Прошла ночь, к полудню вернулись из погони рязанцы, рассказали — как выбрались татары в степь, вмиг разлетелись в стороны, только и успели отбить у них два десятка полонянников да конский хвост на шесте — знамя темника. Ждан бегал от ратного к ратному, смотрел в суровые лица, до глаз заросшие бородищами.
— Дяденька, а матки у татар не отняли?
Рязанцы отворачивали бороды, было стыдно, что дали татарам угнать в орду полонянников. Московские ратные их корили: «Эх вы, горе вои. Кому-кому, а вам татарские обычаи сызмальства ведомы. На рубеже сидите, а поганых с полоном мимо носу пропустили».
Один из рязанцев, огнебородый, с глазом, повязанным тряпицей (глаз вышибла татарская стрела), притянул к себе Ждана, сунул зачерствелый пирог, жалостливо помотал войлочным колпаком.
— Сиротина ты малая!
Ратные, постоявши у Оки два дня, стали разъезжаться. Разбрелись и полонянники. Ждана прихватил с собой Оксен гончар. У Оксена в кровь были обиты ноги, оттого и не ушел он с полонянниками раньше. Был Оксен веселый и скорый на слово человек и напоминал Ждану нравом и обличием отца. Подмигнув Ждану, Оксен сказал:
— Тишком да ладком до Можая доберемся, а в Можае у меня родной братец. Поганые двор и гончарню спалили, да русский человек отрослив, что гриб под дождем. Сколько ни палят татары Русь, а выпалить не могут. Избу и гончарню новую поставлю, а тебя, Жданка, к гончарному делу приспособлю.
Оксен и Ждан медленно брели лесными дорогами. Оксен часто останавливался дать отдых израненным ногам. То и дело попадались на пути вздувшиеся конские трупы, объеденные зверьем мертвецы, кинутые телеги или остовы кибиток — следы татарского набега. Случалось — только присядут путники отдохнуть, потянет ветерок, пахнет трупным смрадом, воротит с души. Еще не растащило зверье конских и человеческих трупов, а на земле, истоптанной татарскими конями и засеянной пеплом, уже возились пахари, тюкали топорами, ставили на месте сожженных деревень и сел новые дворы.

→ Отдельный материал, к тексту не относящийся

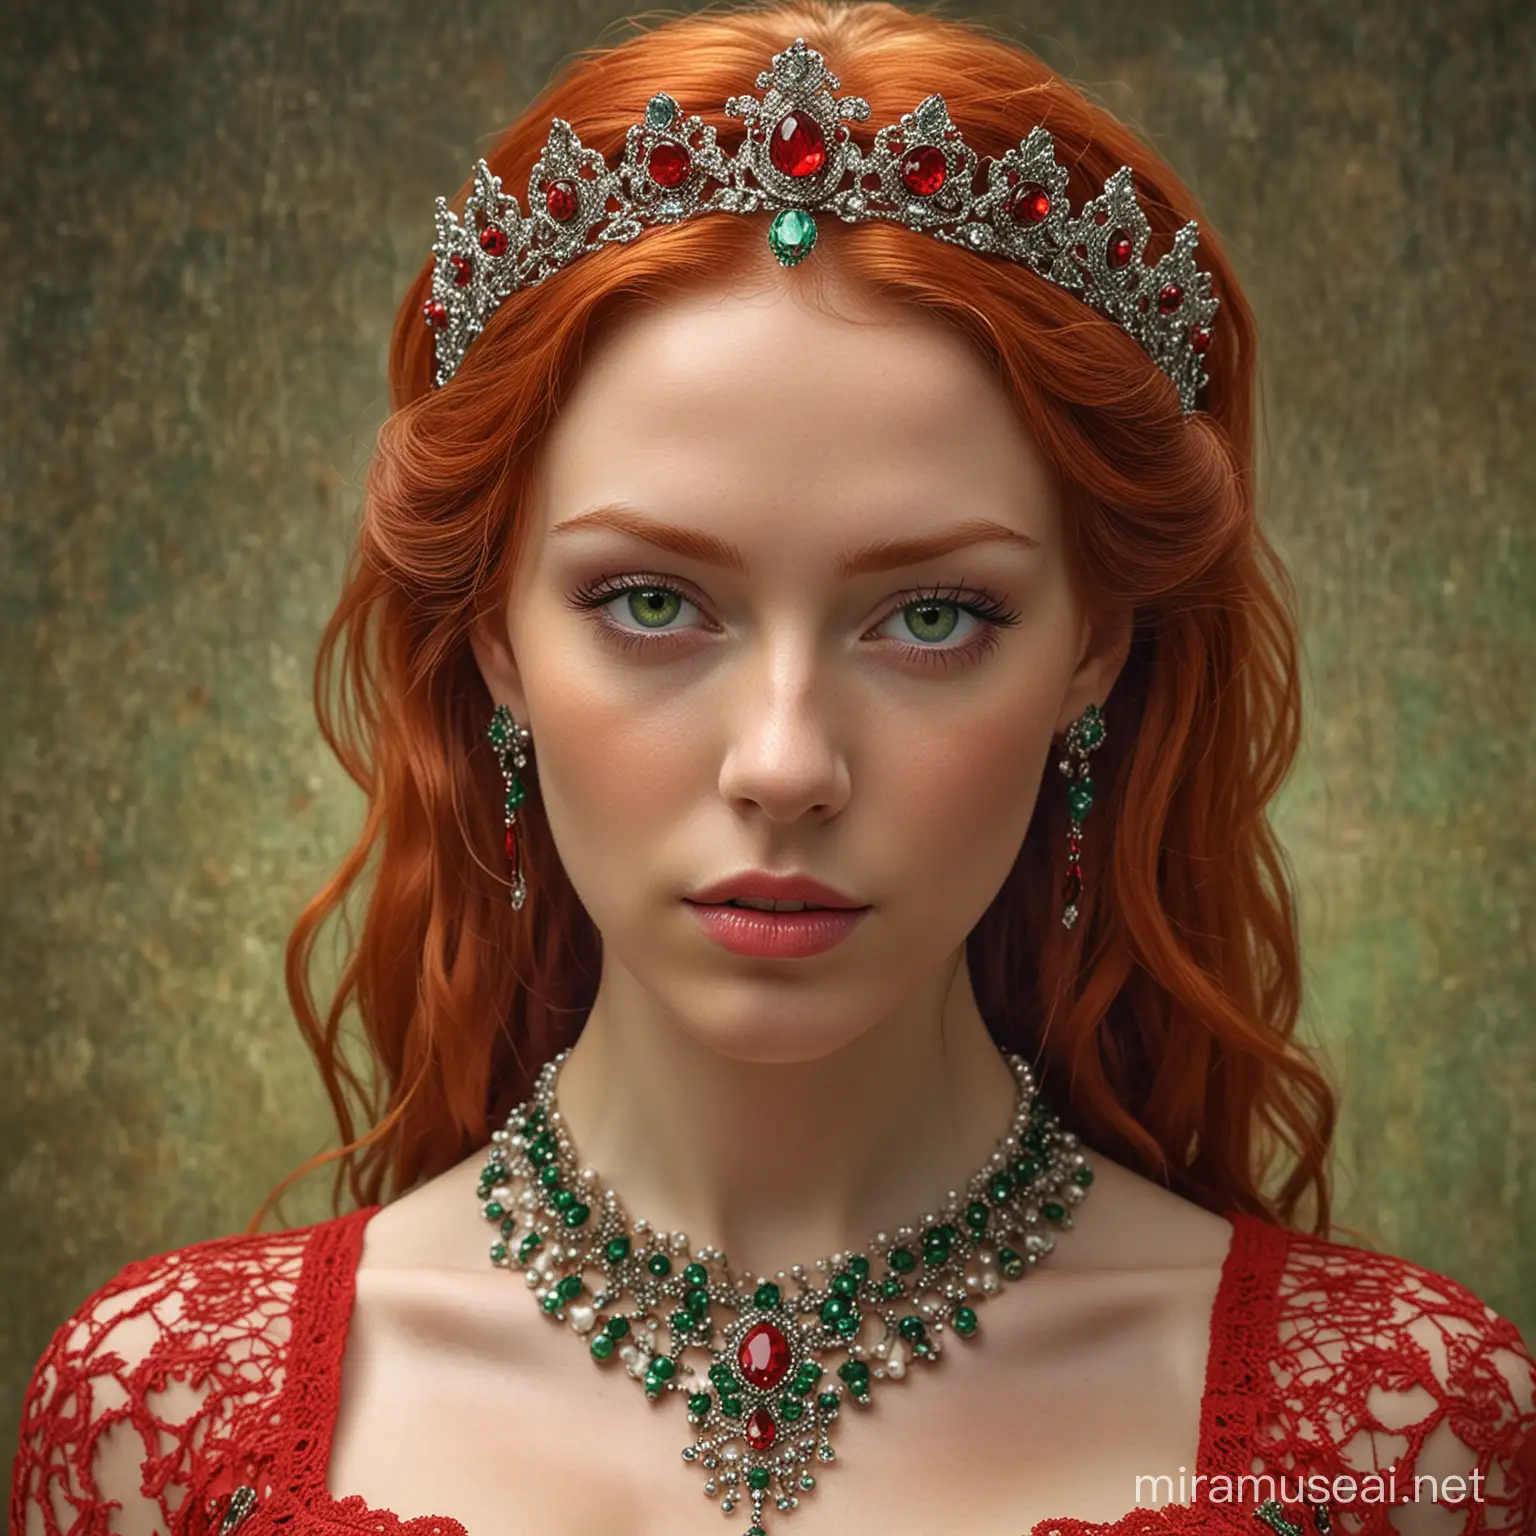 Gorgeous redhead woman, jeweled crown, adorned with beautiful red jewelry, porcelain skin, green eyes round like marbles, red lace dress, red hair, elaborately tied, ultra realistic, vivid colors in medium close-up, strong focus in symmetry, divine proportion, high quality, HDR.

Оксен, завидев пахаря, здоровался, оглядывал погорелый двор, присаживался, заводил речь. И слова были те же, что не раз слышал Ждан, говорил людям его отец Разумник: точно волки, меньшие князья рвут на клочья русскую землю, а Шемяка и Можайский князь, и Борис Тверской так и глядят, чтобы у великого князя город оттягать, не дать Москве верховодить на Руси. Поганым татарам только того и надо. Будь на Руси один князь — хозяин, давно бы русские люди орде хребет сломали.
Пахари вздыхали, разводили руками: «Не по нашему хотению, мил человек, деется».
У Ждана, когда смотрел на пожарища и истоптанные нивы, жалость и гнев томили сердце. Неясные думы роились в его голове, рождались слова печальные и гневные, хотелось сложить их в песню, но думы бледнели, а слова не шли с языка. Шел Ждану двенадцатый год жизни, и время петь ему еще не пришло.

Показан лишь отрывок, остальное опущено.